3. Multi-Tenancy with Separate Graphs

# Create tenant-specific drivers using separate graphs
tenant1_driver = driver.clone(graph_name='graphiti_tenant_1')
tenant2_driver = driver.clone(graph_name='graphiti_tenant_2')

# Initialize tenant graphs
await tenant1_driver.build_indices_and_constraints()
await tenant2_driver.build_indices_and_constraints()

# Data is completely isolated by graph
await tenant1_driver.create_node(uuid=str(uuid.uuid4()), name="Tenant 1 Data", node_type="entity")
await tenant2_driver.create_node(uuid=str(uuid.uuid4()), name="Tenant 2 Data", node_type="entity")

4. Run Comprehensive Examples

# Run all Age driver examples
python examples/age_example.py

Examples cover:

  • ✅ CRUD operations (Create, Read, Update, Delete)
  • ✅ Graph traversal (BFS, variable-length paths, pattern matching)
  • ✅ Multi-tenancy (separate graphs for data isolation)
  • ✅ Temporal queries (bi-temporal tracking with valid_at/invalid_at)

Architecture

Schema Design

The driver uses two main tables:

  1. graph_nodes: Stores all entities, episodes, and communities

    • UUID primary key
    • Node type (entity/episode/community)
    • JSONB properties for flexibility
    • Temporal fields (created_at, valid_at, invalid_at)
    • Vector embeddings for semantic search
    • Summary text for fulltext search
  2. graph_edges: Stores relationships between nodes

    • Source and target node UUIDs
    • Relation type
    • JSONB properties
    • Fact/evidence text
    • Episode references

Cypher to SQL Translation

The driver includes a CypherToSQLTranslator that converts Graphiti's Cypher-like queries to PostgreSQL SQL:

  • MATCHSELECT with joins
  • CREATEINSERT
  • MERGEINSERT ... ON CONFLICT ... DO UPDATE
  • DELETEDELETE

This is a simplified translator for common patterns.
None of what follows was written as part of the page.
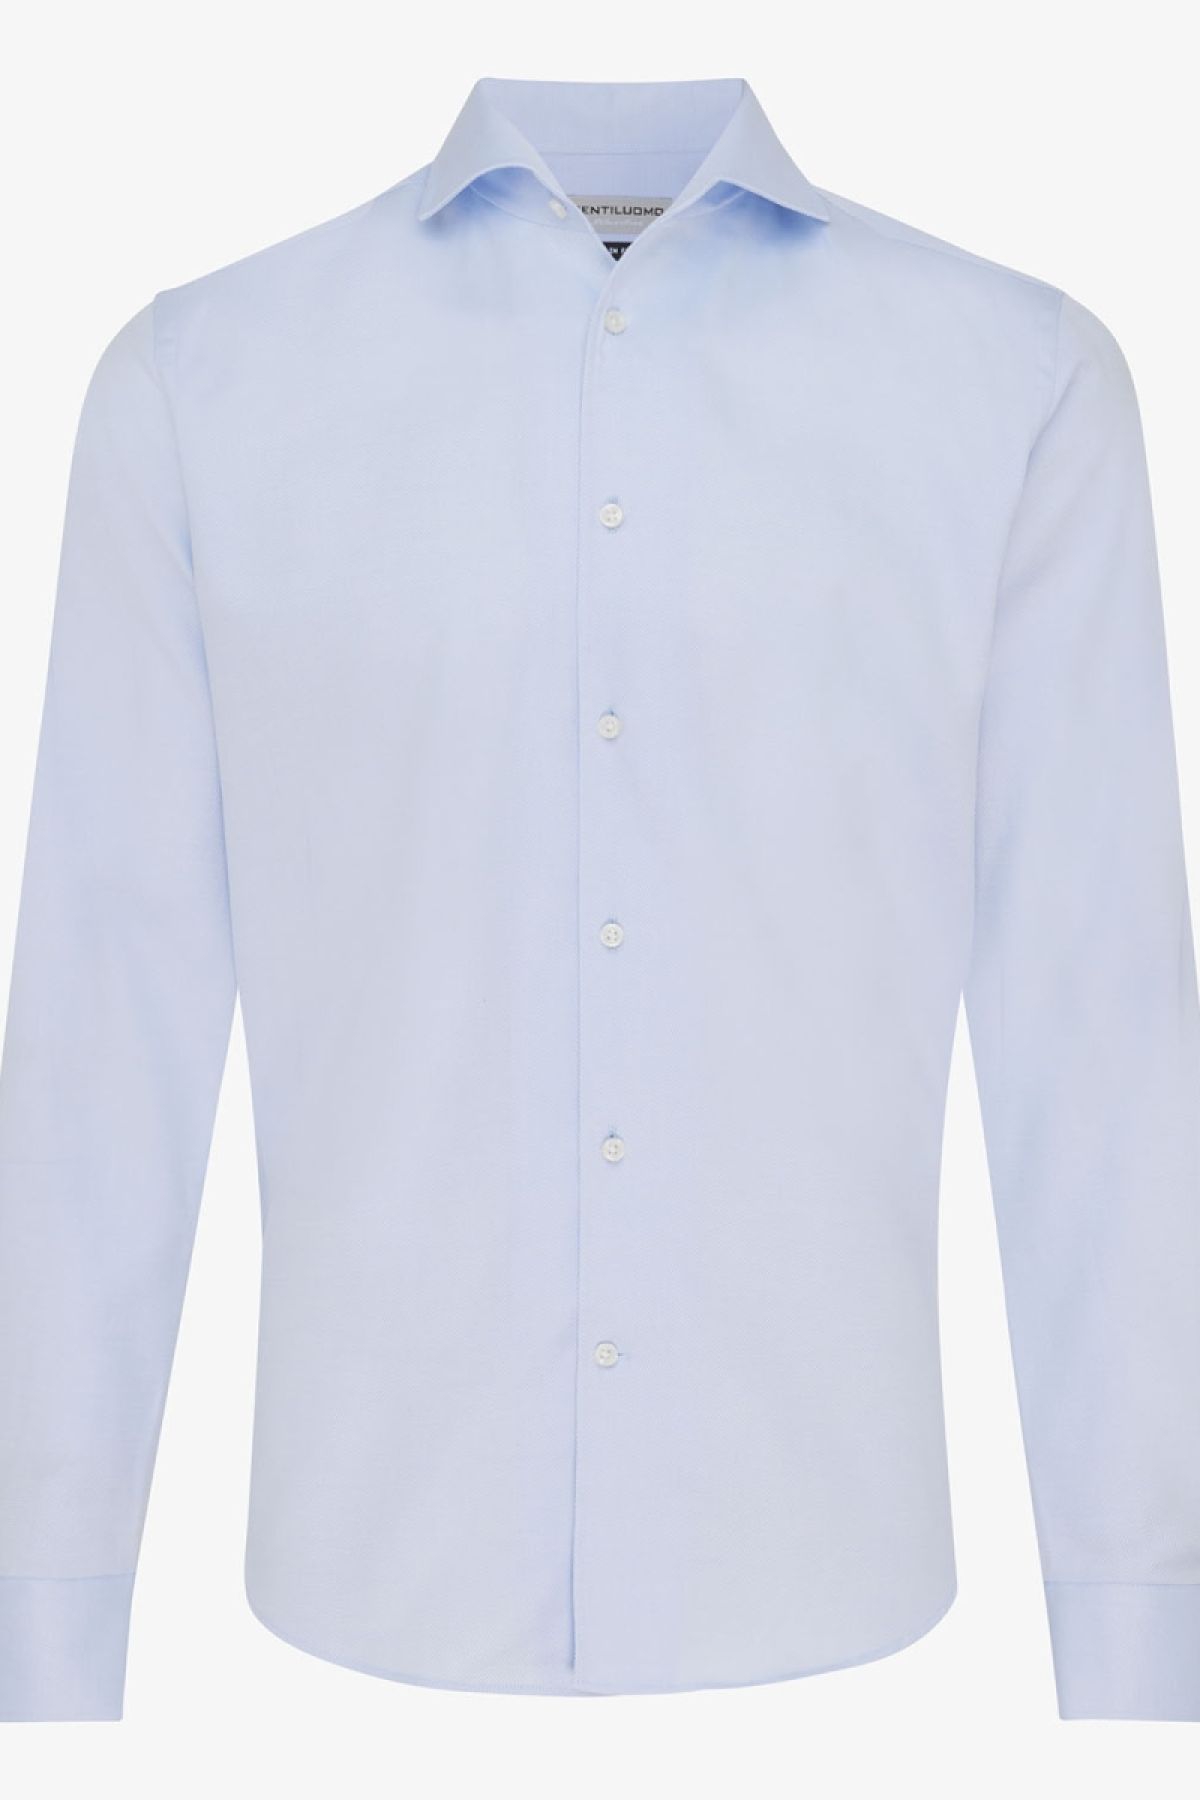 Travel overhemd one-piece collar lichtblauw

For complex queries, you may need to extend it.

Indexing Strategy

The schema creates indexes for:

  • Node types and groups (multi-tenancy)
  • Temporal fields (valid_at, invalid_at, created_at)
  • JSONB properties (GIN indexes)
  • Fulltext search (pg_trgm trigram indexes)
  • Graph traversal (source/target node UUIDs)

Helper Functions

The schema includes SQL functions for common operations:

1. Fulltext Search

SELECT * FROM search_nodes_fulltext(
    'search term',
    'entity',  -- node type filter (optional)
    'my_app',  -- group_id
    10         -- limit
);

2. Graph Traversal (BFS)

SELECT * FROM traverse_graph(
    'start-node-uuid',
    3,              -- max depth
    'WORKS_AT'      -- edge type filter (optional)
);

3. Get Neighbors

SELECT * FROM get_node_neighbors(
    'node-uuid',
    'both'  -- direction: 'outgoing', 'incoming', or 'both'
);

Performance Considerations

Connection Pooling

Configure pool size based on your workload:

from graphiti_postgres import PostgresDriver

driver = PostgresDriver(
    host='localhost',
    port=5432,
    user='postgres',
    password='your_password',
    database='your_database',
    min_pool_size=2,
    max_pool_size=20
)

Embedding Search

For large graphs (>100K nodes), consider:

  • Using pgvector with HNSW index for fast approximate nearest neighbor search
  • Partitioning nodes by type or group_id
  • Using materialized views for frequent queries

Graph Traversal

For deep traversals:

  • Use the traverse_graph function with appropriate max_depth
  • Consider adding graph-specific indexes for your query patterns
  • Use EXPLAIN ANALYZE to optimize complex queries

Extending the Driver

Custom Query Translation

Extend the CypherToSQLTranslator for your specific Cypher patterns:

from graphiti_postgres import CypherToSQLTranslator

class CustomTranslator(CypherToSQLTranslator):
    def _simple_translate(self, cypher: str, params: dict):
        # Your custom translation logic
        sql = "SELECT ..."
        param_list = []
        return sql, param_list

Additional Indexes

Add indexes for your specific query patterns:

CREATE INDEX idx_custom ON graph_nodes ((properties->>'custom_field'));

Troubleshooting

Connection Issues

from graphiti_postgres import PostgresDriver

driver = PostgresDriver(...)
await driver.initialize()

# Test connection
is_healthy = await driver.health_check()
if not is_healthy:
    print("Database connection failed")

Query Debugging

Enable query logging:

import logging
logging.basicConfig(level=logging.DEBUG)

Schema Issues

Rebuild indices:

from graphiti_postgres import PostgresDriver

driver = PostgresDriver(...)
await driver.initialize()
await driver.build_indices_and_constraints(delete_existing=True)

Examples

See the following example files for different use cases:

Complete guide to using Cypher queries to access the database:

  • Creating and querying nodes with Cypher
  • Building and traversing relationships
  • Advanced queries (aggregation, filtering, sorting)
  • Parameterized queries
  • Comparison of different approaches
  • Direct SQL generation for advanced use cases

PostgreSQL driver examples:

  • Basic CRUD operations
  • Multi-tenancy
  • Graph traversal
  • Graphiti integration
  • Search functionality

Cypher parser examples (SQL translation only):

  • See how different Cypher queries translate to SQL
  • Parser capabilities demonstration

Cypher Parser

NEW: This driver now includes a full AST-based Cypher parser for comprehensive query translation!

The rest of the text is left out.